The rest of this paper is organized as follows. Section 2 briefly introduces the RCC for reversible data hiding. The proposed 3D PEH modification method is presented in Section 3. The experimental results and some discussion are demonstrated in Section 4. And finally, the conclusion is drawn in Section 5.

2 Overview for RDH by recursive construction coding

As mentioned above, the PE based RDH methods embed messages by modifying the prediction errors with sharp histogram. Many schemes have been proposed to chase a better balance between the embedding capacity and the distortion. Actually, for a given PE sequence, with a distortion constraint, the upper bound of the payload is given by Kalker and Willems in [7]. They formulated the RDH as a special rate-distortion problem, and obtained the rate-distortion function, i.e., the upper bound of the embedding rate under a given distortion constraint Δ, as follows:

$$ \rho ({\Delta} )={Maximize}\{H(Y)\}-H(X) $$
(1)

Where X and Y denote the random variables of host sequence and marked sequence respectively. The maximum entropy is over all transition probability matrices P Y|X (y|x) satisfying the distortion constraint \({\sum }_{x,y}P_{X}(x)P_{Y|X}(y|x)D(x,y)\leq {\Delta }\). The distortion metric D(x,y) is usually defined as the square error distortion, D(x,y) = (xy)2.
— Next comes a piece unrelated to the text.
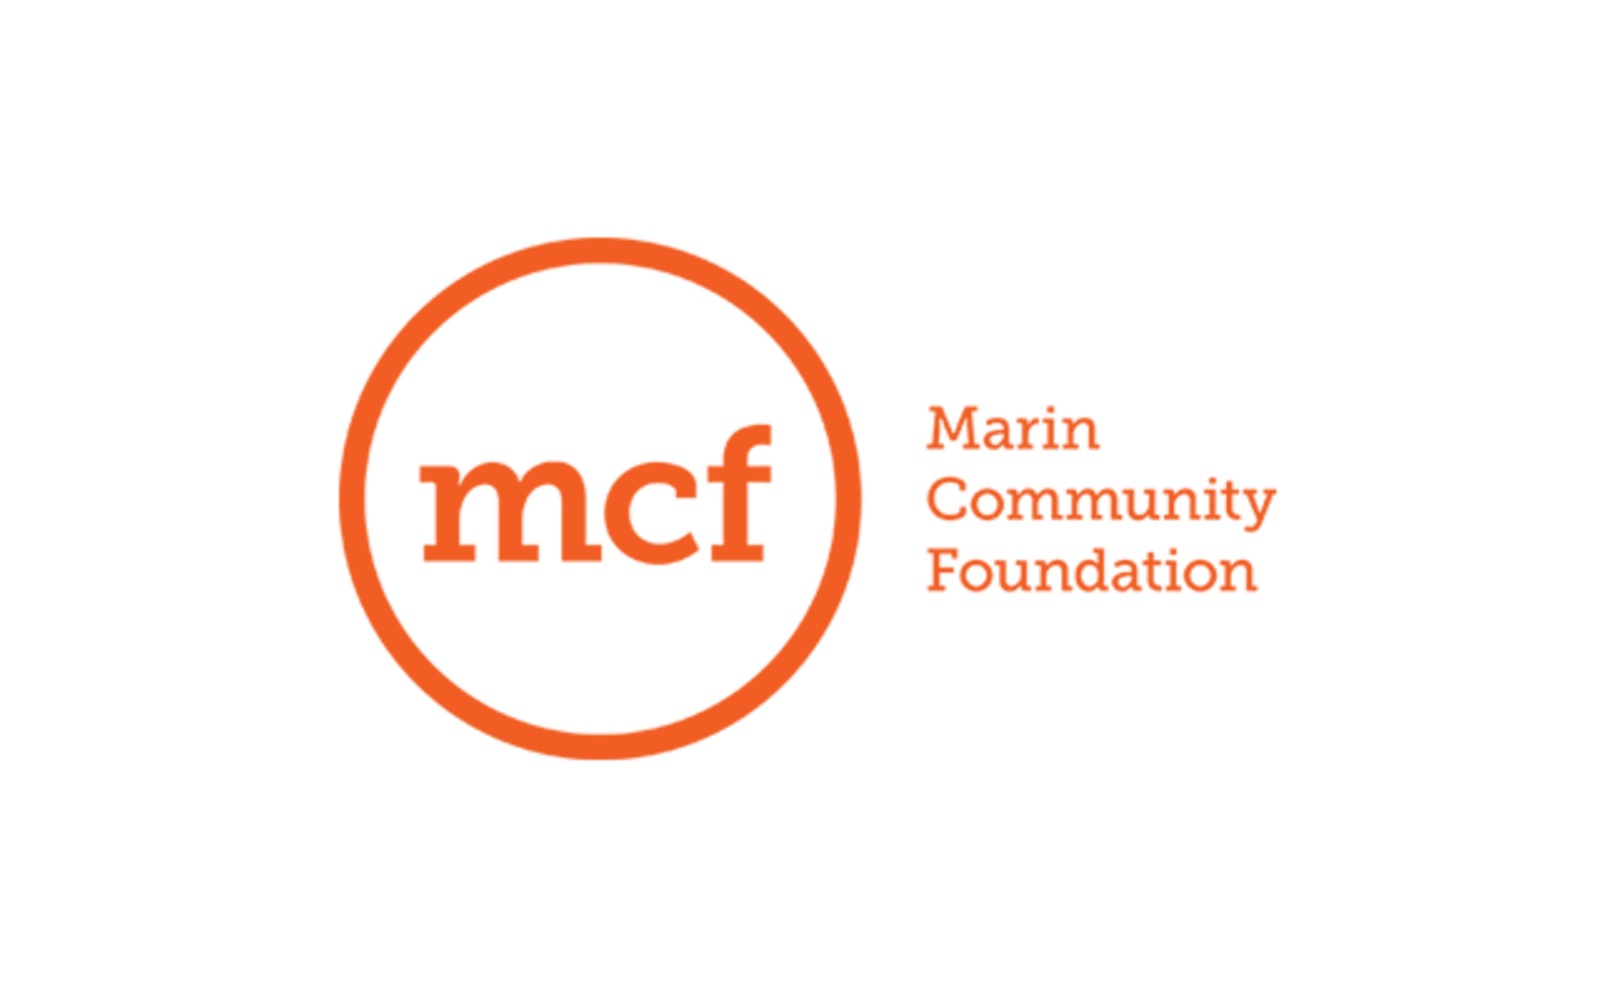 Marin Community Foundation Logo
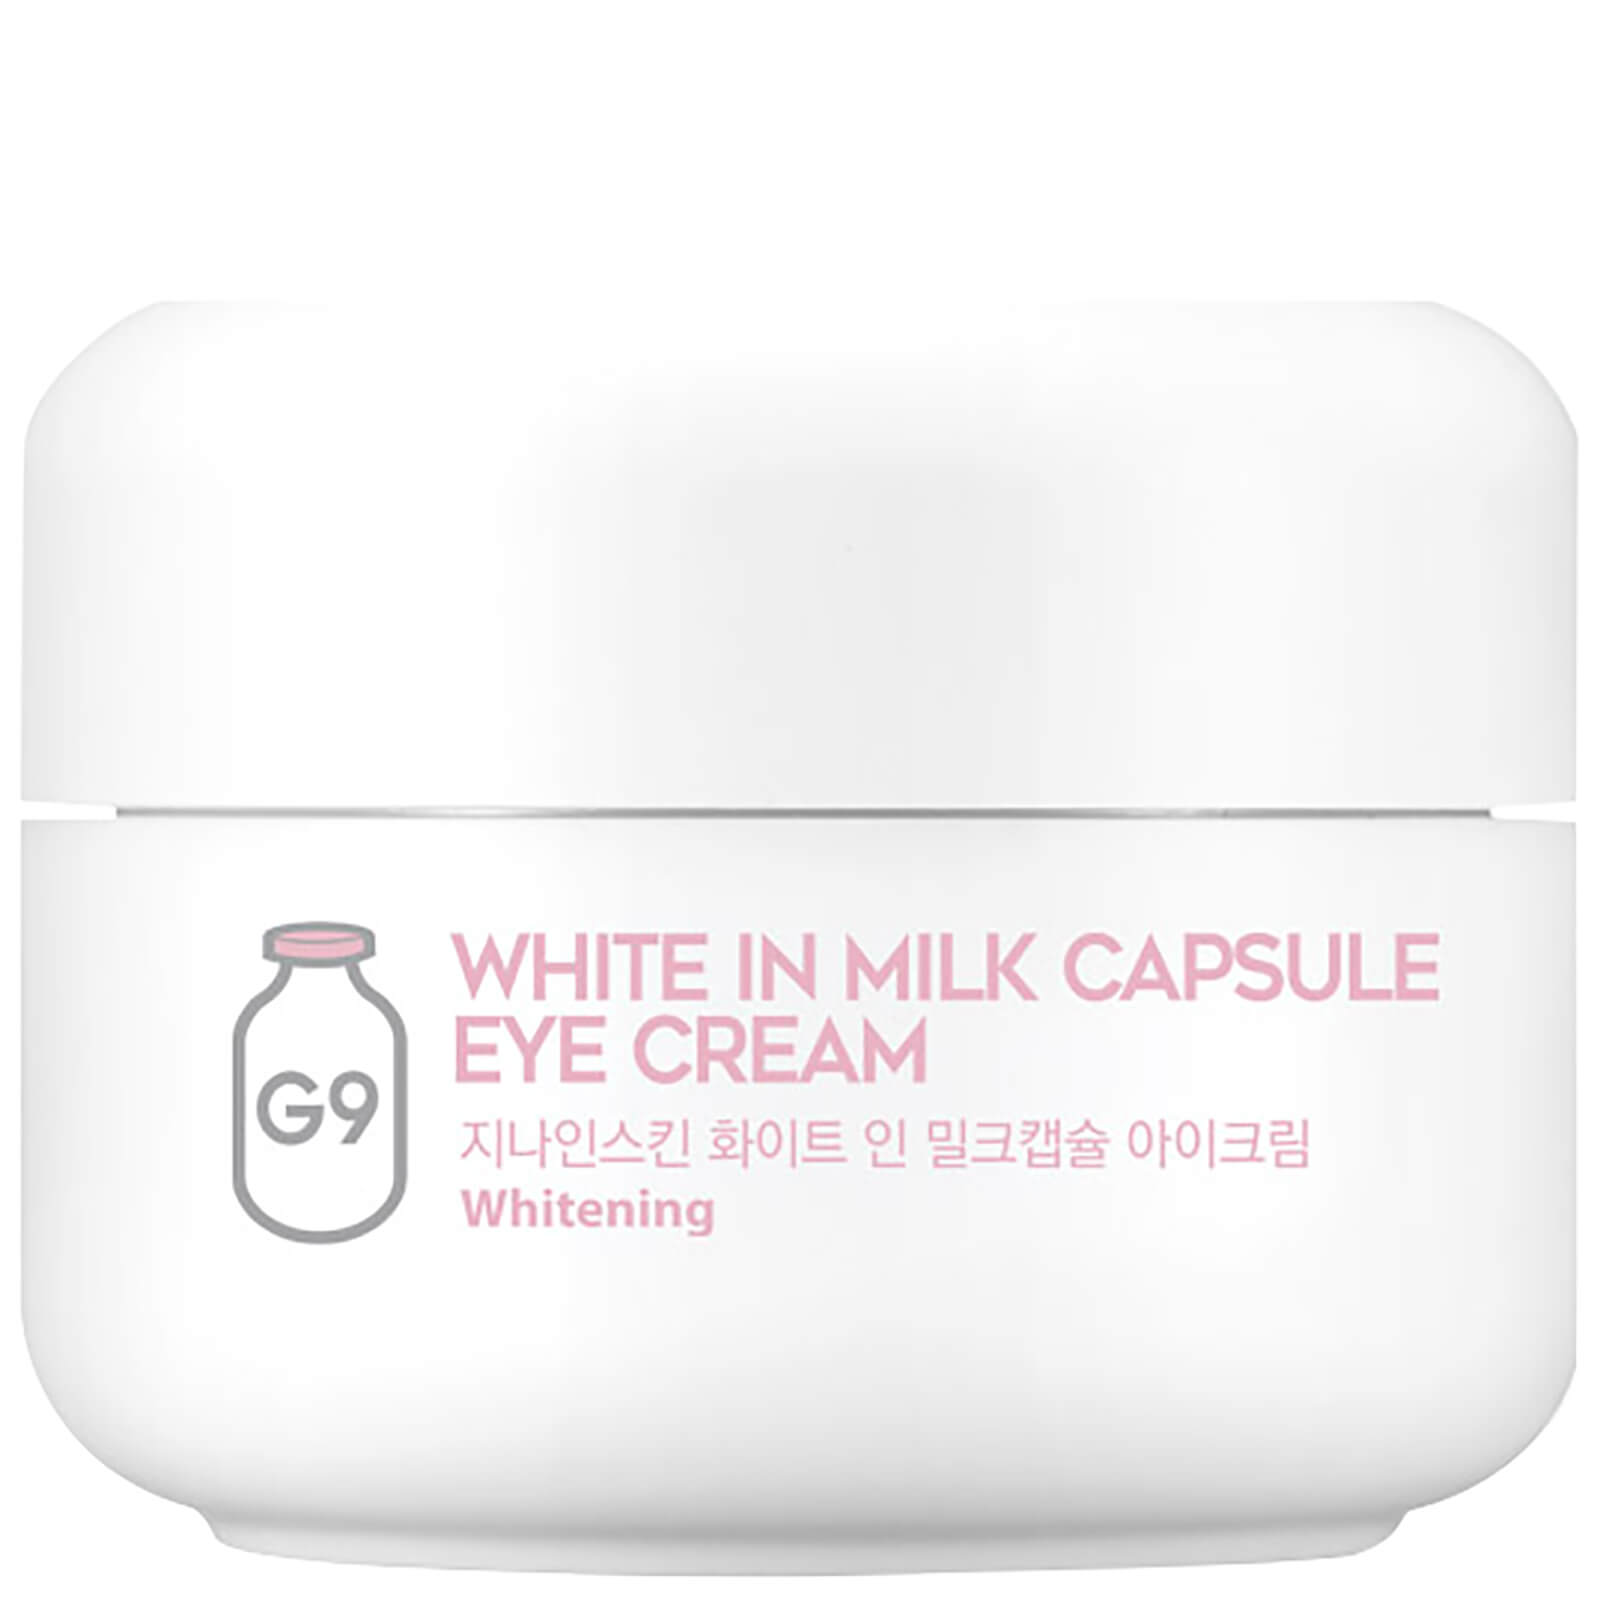 GSkin White In Milk Capsule Eye Cream

Therefore, instead of using expanding and shifting technique for the given PEs, Lin et al [10] proposed a pixel by pixel recursive code construction (RCC) to approach the rate distortion bound for square error distortion. And alternatively, by improving RCC, Zhang et al. [24] obtain the optimal embedding method for general gray-scale PE sequence, which performs in a bin by bin manner respectively.

Assume that the input PE sequence is a single probability distribution histogram, we briefly elaborate the optimal PEH modification procedure to embed data with RCC.

  • Firstly, using the prediction strategy such as rhombus prediction [16] or two dimensional prediction [15], a PE sequence is obtained, which acts as the host signal X in (1).

  • Secondly, in order to minimize the embedding distortion for a fixed length of message payload, use the fast algorithm in [5] to estimate the optimal marginal distribution P Y ( y) of the marked signal Y.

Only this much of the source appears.